247 Parents of Black Children. 36.8% of parents report that their child has had some swimming lessons.

308 Parents of Hispanic Children. 38.9% of parents report that their child has had some swimming lessons.

*Hint:* use ttest_ind() from statsmodels

In [None]:
import numpy as np
from statsmodels.stats.weightstats import ttest_ind

n_black = 247
p1 = 0.368
n_hisp = 308
p2 = 0.389

sample_black = np.random.binomial(n=1, p=p1, size=n_black)
sample_hisp = np.random.binomial(n=1, p=p2, size=n_hisp)

In [None]:
print(sample_black)
print(sample_black.shape)
print(f"{sample_black.mean():.2%}")

[0 0 0 1 1 1 1 0 0 0 0 1 0 0 0 0 0 1 0 0 0 0 0 0 0 0 1 0 1 0 0 0 0 0 0 1 1
 1 1 1 1 0 1 0 1 0 1 0 0 1 0 0 0 0 0 1 0 1 1 0 1 0 0 0 0 0 0 0 1 1 1 0 0 0
 0 1 0 0 0 1 0 1 0 0 0 1 0 0 1 0 0 0 1 0 0 1 0 0 1 0 0 0 0 1 0 1 0 1 0 0 1
 1 0 0 1 0 1 1 0 0 0 0 0 1 0 0 0 0 1 0 1 0 1 0 0 1 0 0 1 0 1 0 1 0 1 0 0 0
 1 1 0 0 0 0 0 0 0 0 1 0 1 1 1 1 1 0 1 0 0 1 1 0 1 0 1 1 0 0 0 1 0 0 0 0 1
 0 0 1 0 0 0 0 0 1 0 0 0 1 0 1 1 0 0 0 1 0 0 0 1 1 0 1 1 0 0 0 1 0 0 0 1 1
 0 1 1 0 1 1 0 0 0 0 1 0 0 0 0 1 0 1 1 0 1 0 0 0 1]
(247,)
36.03%


In [None]:
tstat, p_value, d = ttest_ind(sample_black, sample_hisp)

print(tstat, p_value)

# Interpréter les résultats
alpha = 0.05

if p_value < alpha:
    print("La p-value est inférieure au seuil alpha.")
    print("Nous rejetons donc l'hypothèse nulle.")
else:
    print("La p-value est supérieure au seuil alpha.")
    print("Nous n'avons pas suffisamment de preuves pour rejeter l'hypothèse nulle.")

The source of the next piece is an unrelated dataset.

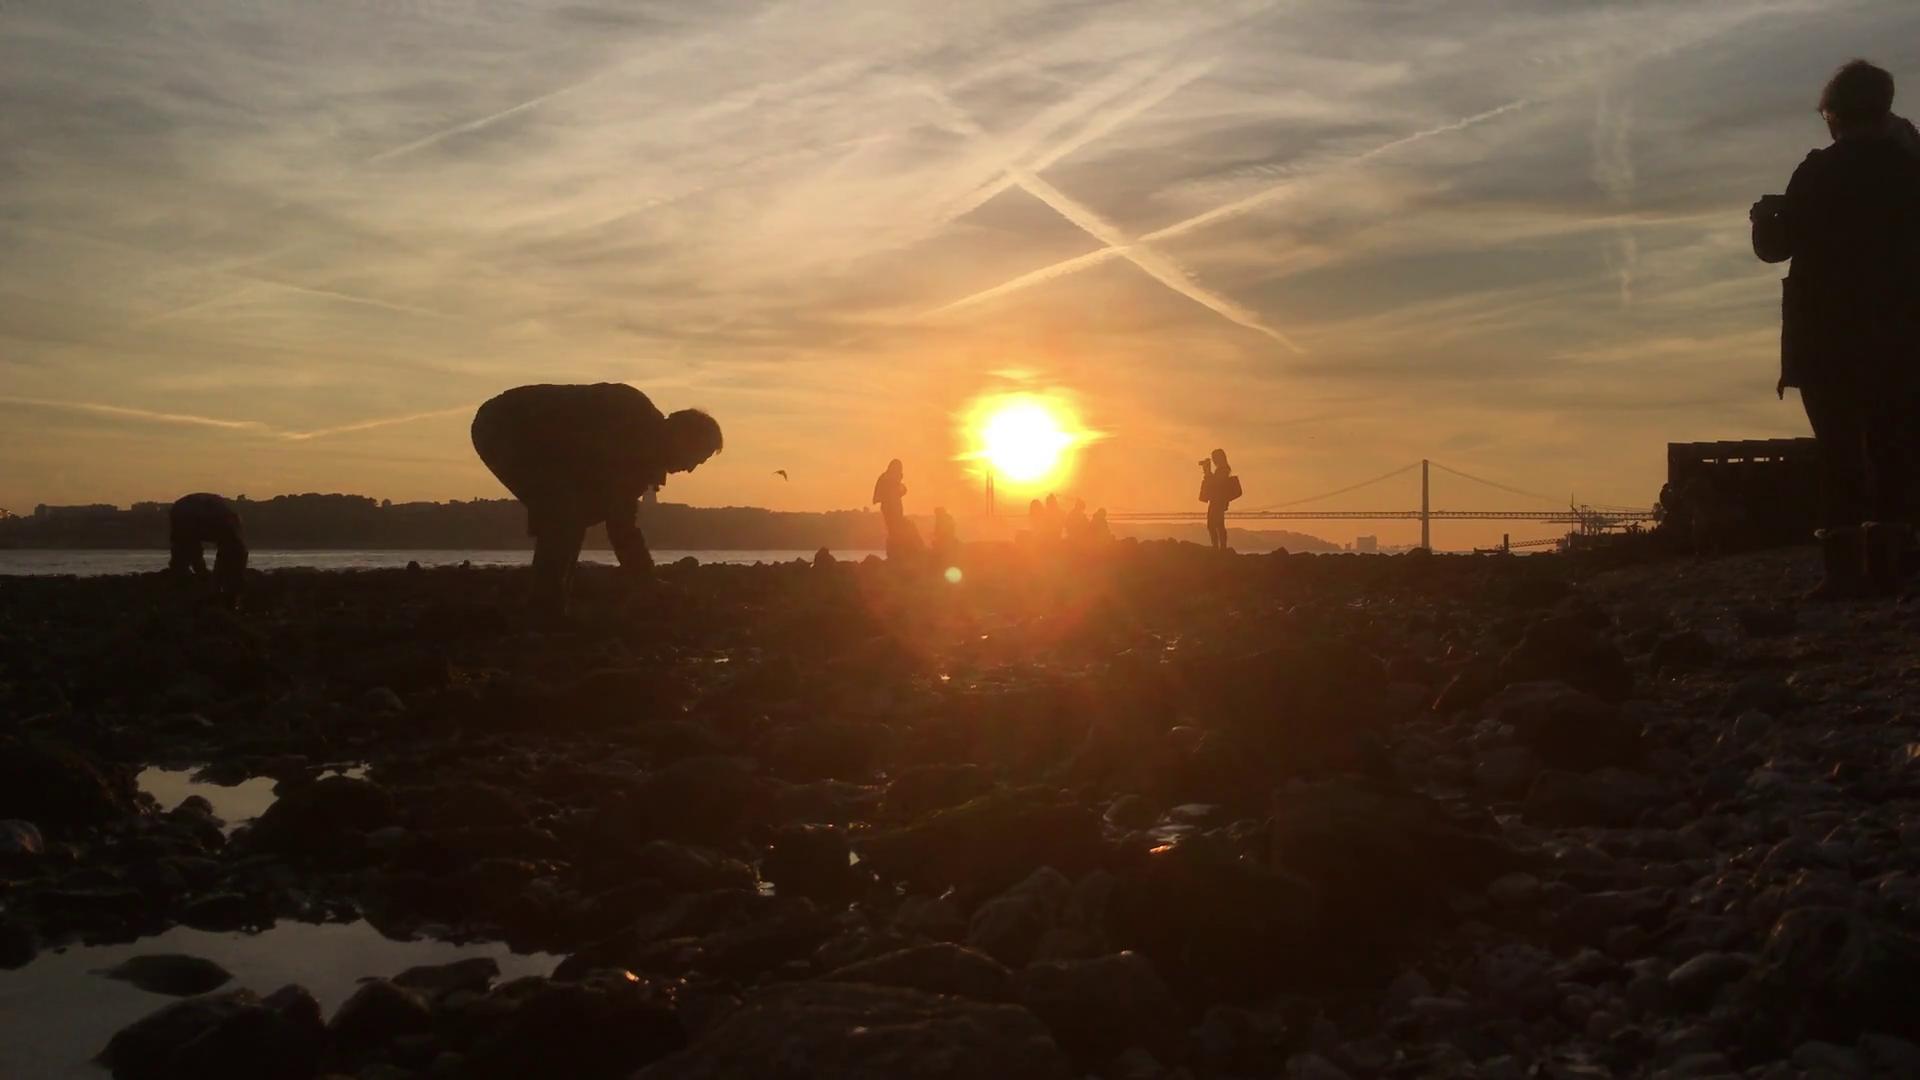 Sunset fun photo

-0.5509753903525183 0.5818730678288508
La p-value est supérieure au seuil alpha.
Nous n'avons pas suffisamment de preuves pour rejeter l'hypothèse nulle.

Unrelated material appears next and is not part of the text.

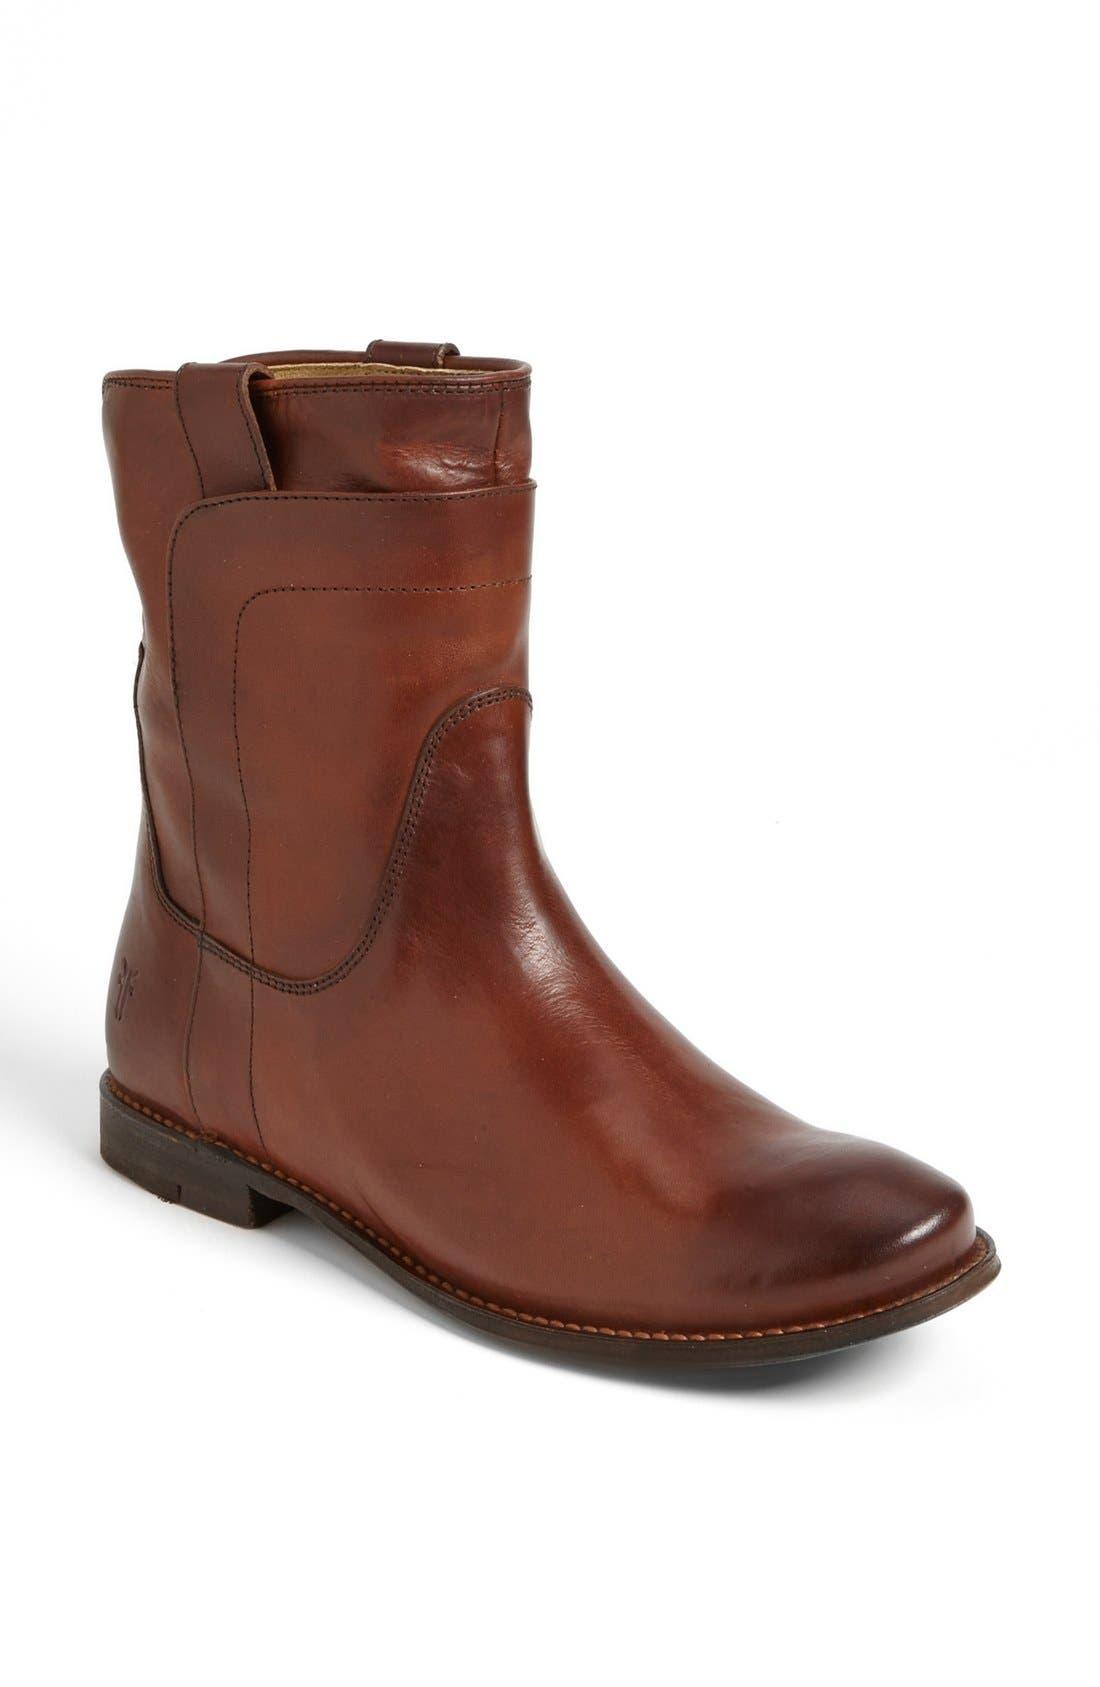 Main Image - Frye 'Paige' Short Boot

-> Pas de différence significative entre les deux populations

### Research Question
Let's say a cartwheeling competition was organized for some adults. The data looks like following,

(80.57, 98.96, 85.28, 83.83, 69.94, 89.59, 91.09, 66.25, 91.21, 82.7 , 73.54, 81.99, 54.01, 82.89, 75.88, 98.32, 107.2 , 85.53, 79.08, 84.3 , 89.32, 86.35, 78.98, 92.26, 87.01)

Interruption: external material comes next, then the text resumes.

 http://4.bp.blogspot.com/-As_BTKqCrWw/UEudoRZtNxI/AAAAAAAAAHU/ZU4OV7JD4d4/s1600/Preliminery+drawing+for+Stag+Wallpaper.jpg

Is the average cartwheel distance (in inches) for adults more than 80 inches?

**Population:** All adults

**Parameter of Interest:** $\mu$, population mean cartwheel distance.

**Null Hypothesis:** $\mu$ = 80

**Alternative Hypthosis:** $\mu$ > 80

**Data:**

25 adult participants.

$\mu$ = 83.84

$\sigma$ = 10.72



# New Section

In [None]:
from statsmodels.stats.weightstats import ztest

data = np.array([80.57, 98.96, 85.28, 83.83, 69.94, 89.59, 91.09, 66.25, 91.21, 82.7 , 73.54, 81.99, 54.01, 82.89, 75.88, 98.32, 107.2 , 85.53, 79.08, 84.3 , 89.32, 86.35, 78.98, 92.26, 87.01])

n = data.shape
mu = data.mean()
std = data.std()
print(n, mu, std, '\n')

zstat, p_value = ztest(data, value=80, alternative='larger')
print(zstat, p_value, '\n')

# Interpréter les résultats
alpha = 0.05
if p_value < alpha:
    print("La p-value est inférieure au seuil alpha.")
    print("Nous rejetons donc l'hypothèse nulle.")
else:
    print("La p-value est supérieure au seuil alpha.")
    print("Nous n'avons pas suffisamment de preuves pour rejeter l'hypothèse nulle.")

(25,) 83.84320000000001 10.716018932420752 

1.756973189172546 0.039461189601168366 

La p-value est inférieure au seuil alpha.
Nous rejetons donc l'hypothèse nulle.